Then he got into the boat and his disciples followed him.24 Suddenly a furious storm came up on the lake, so that the waves swept over the boat. But Jesus was sleeping. 25 The disciples went and woke him, saying, “Lord, save us! We’re going to drown!” 26 He replied, “You of little faith, why are you so afraid?” Then he got up and rebuked the winds and the waves, and it was completely calm. 27 The men were amazed and asked, “What kind of man is this? Even the winds and the waves obey him!” Matthew 8:23-27

 

Yesterday, we realized together that we’re never alone in our storms. Truly, Presence Matters Most. Today I want to zone in on one word: Rest. This is yet another example of what Jesus taught on the mountain so that we could put faith into practice. Do you remember that back on the mountain, Jesus began to talk about the cure for anxiety (Matthew 6:25–34)? He brings our attention to the birds and how they have homes in barns and are fed by the heavenly Father. And he turns our hearts to pursue and seek the kingdom, and while we do that, we’re to not worry about tomorrow, and he finishes this with this phrase: “Each day has enough trouble of its own. v.34 “

Just like the command to go and make disciples, we find that rest is also a command. God calls us to rest, not just physically but also spiritually (Exodus 20:8–11). Think of all the implications in the Bible we’re called to rest from…

  1. God desires you to experience rest from fear—1 John 4:18.
  2. God desires you to experience rest from all worry, to be free and not to worry about anything—Matthew 6.
  3. God desires you to experience rest from all anxiety about anything—Philippians 4:6-7.
  4. God desires you to experience rest from sin—Romans 6:18.
  5. God desires you to experience rest from efforts to save yourself from sin—that’s throughout the whole book of Galatians.
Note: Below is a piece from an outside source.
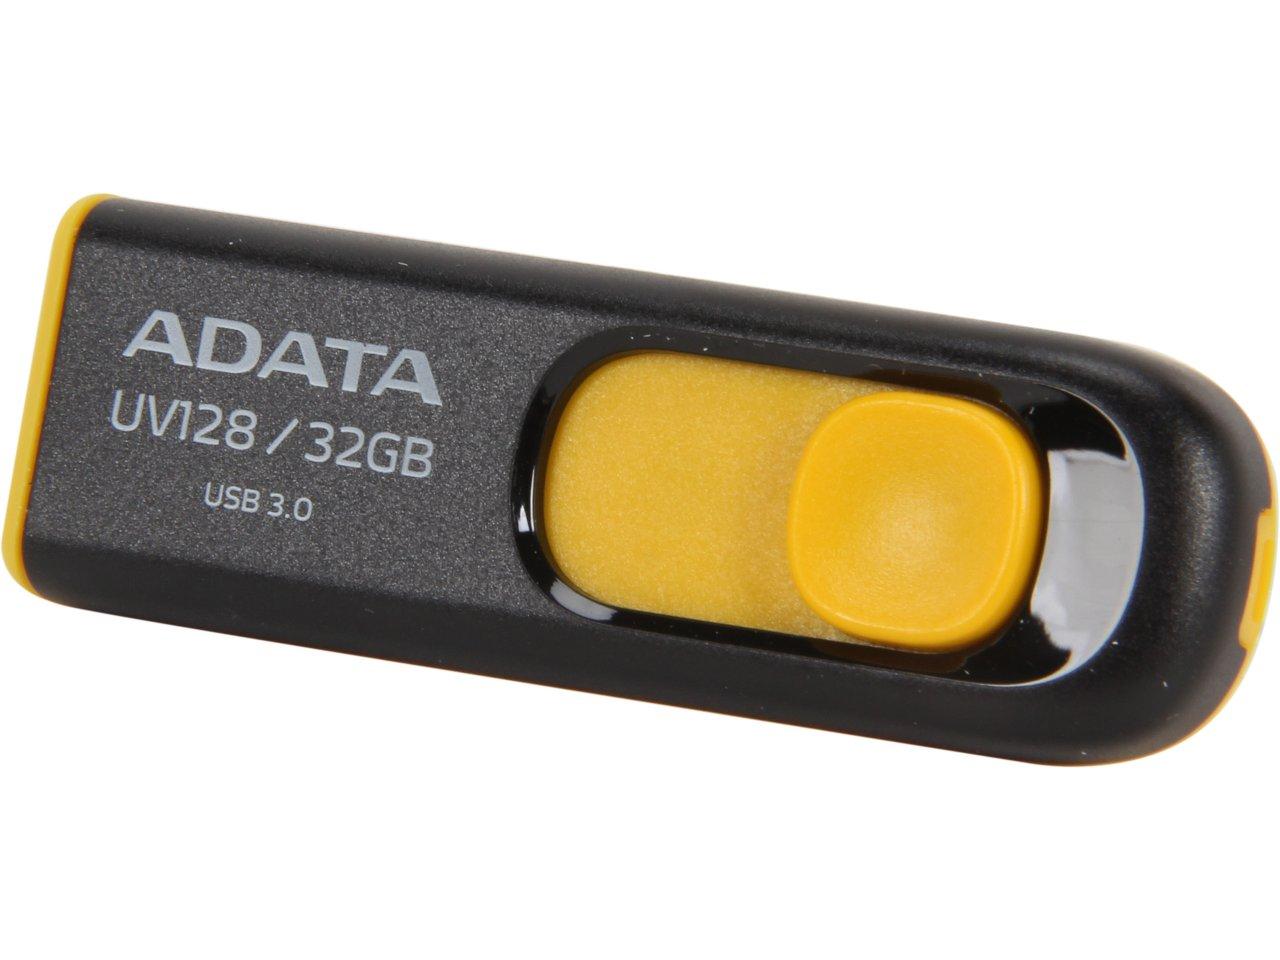 32 GB ADATA DashDrive UV128 USB 3.0 Flash Drive for $6.99 AC or 64 GB HP x755w USB 3.0 Flash Drive for $12.99 + S&H @ Newegg.com

I go back to Matthew 6, where Jesus says, “Each day has enough trouble of its own. v. 34,” and we’re also reminded of John 16:33, where Jesus says, “I have told you these things, so that in me you may have peace. In this world, you will have trouble. But take heart! I have overcome the world.” This world has its troubles. This word has its hardships. We live in a world that’s like trying to walk through an uneven thicket filled with thorns and thistles. But yet, we’re created to rest from the hardships and emptiness of this world. He created us to turn away from the endless traps of money, possessions, positions, and pleasures in this world, thinking, “This will satisfy me or that will do it,” then coming up empty. If there is one thing the Rolling Stones got right, it was by saying, “I can’t get no Satisfaction.” It’s true; you’ll never find rest and satisfaction in this thorny world by pursuing the well the world has created for us to drink from. God tells his people in Jeremiah 2:13, “You don’t have to keep drinking water from broken cisterns that don’t hold water when I will completely satisfy your soul.”

Its a scripture that reminds us, we have an issue from drinking from the wrong wells. Jesus said to the Samriatian woman, “Everyone who drinks this water will be thirsty again, 14 but whoever drinks the water I give them will never thirst.Indeed, the water I give them will become in them a spring of waterwelling up to eternal life.” John 4:13-14

Stop drinking from wells that do not satisfy. You ca’tn control everything around you. But here’s some good news, you don’t have to control everything. There is rest available to you and to me… all we need to do is return to the Lord, and its there in His presence we find rest.

Psalms 116:7 says, “Return, O my soul, to your rest.

Prayer

Jesus, I rest my life in Your power to bring peace to the furious waves.